*** Record set Section Begins ***

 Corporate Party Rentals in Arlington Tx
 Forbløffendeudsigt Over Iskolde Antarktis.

*** Record set Section Ends ***
*** Record set Section Begins ***

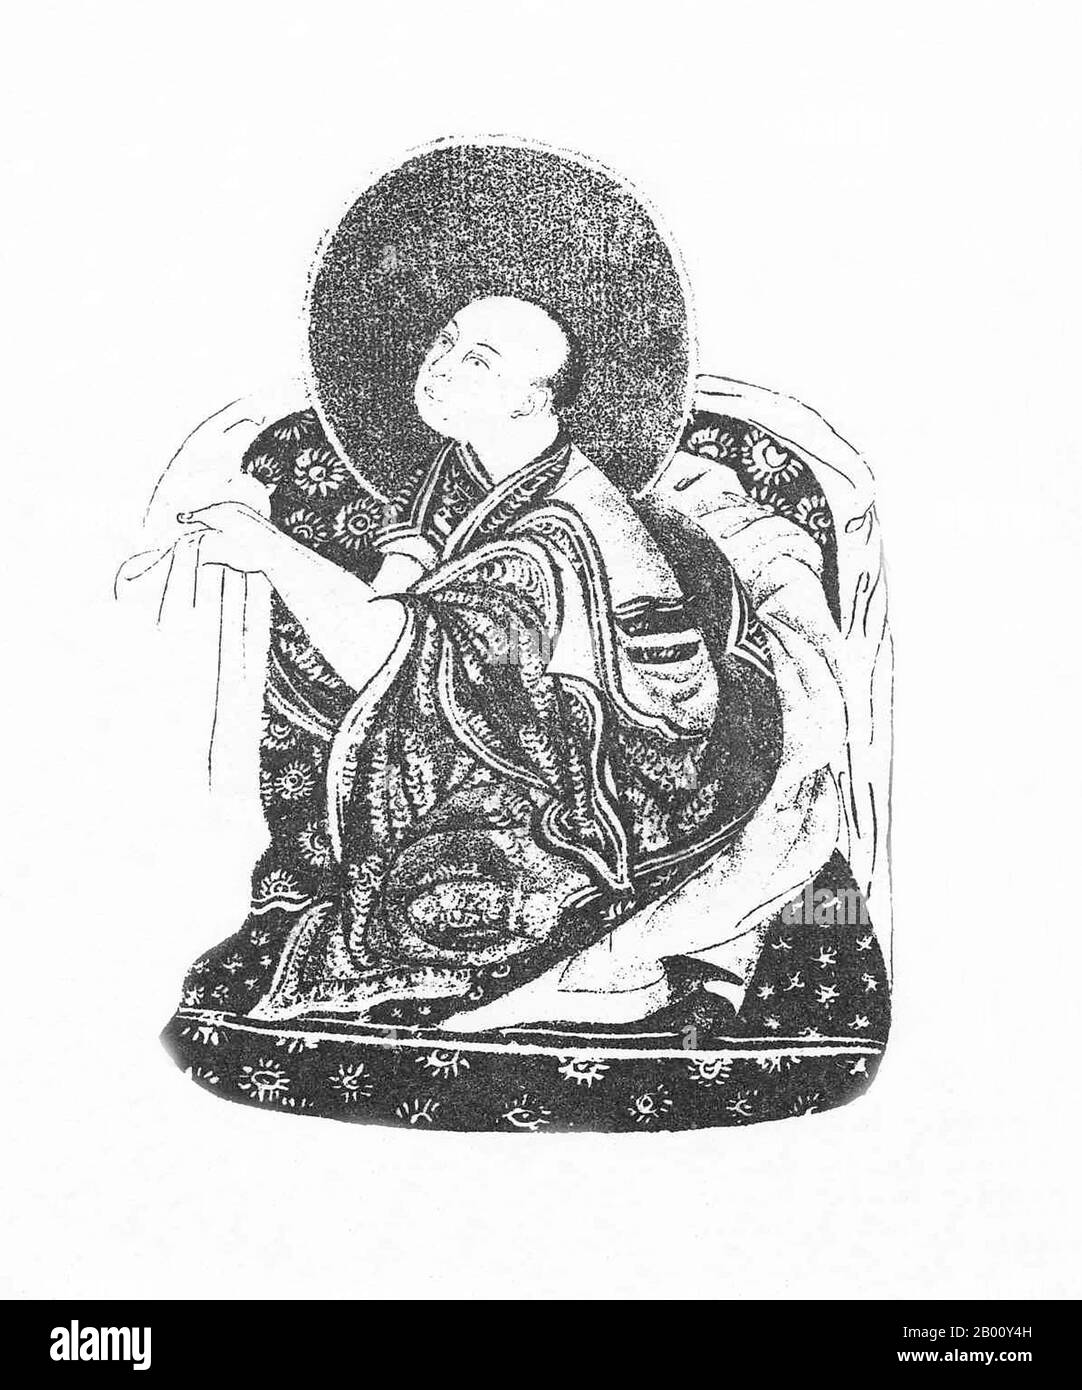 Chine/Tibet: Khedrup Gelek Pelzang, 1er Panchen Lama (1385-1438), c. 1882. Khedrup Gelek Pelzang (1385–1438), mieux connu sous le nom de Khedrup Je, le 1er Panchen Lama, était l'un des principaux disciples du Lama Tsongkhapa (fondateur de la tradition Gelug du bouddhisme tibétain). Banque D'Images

*** Record set Section Ends ***

The task: From the material above, retype precisely the lines between the line holding "Corporate Party Rentals in Arlington Tx" and the line holding "Forbløffendeudsigt Over Iskolde Antarktis.", inclusive, and nothing beyond them.

Answer section:
 Corporate Party Rentals in Arlington Tx
 Forbløffendeudsigt Over Iskolde Antarktis.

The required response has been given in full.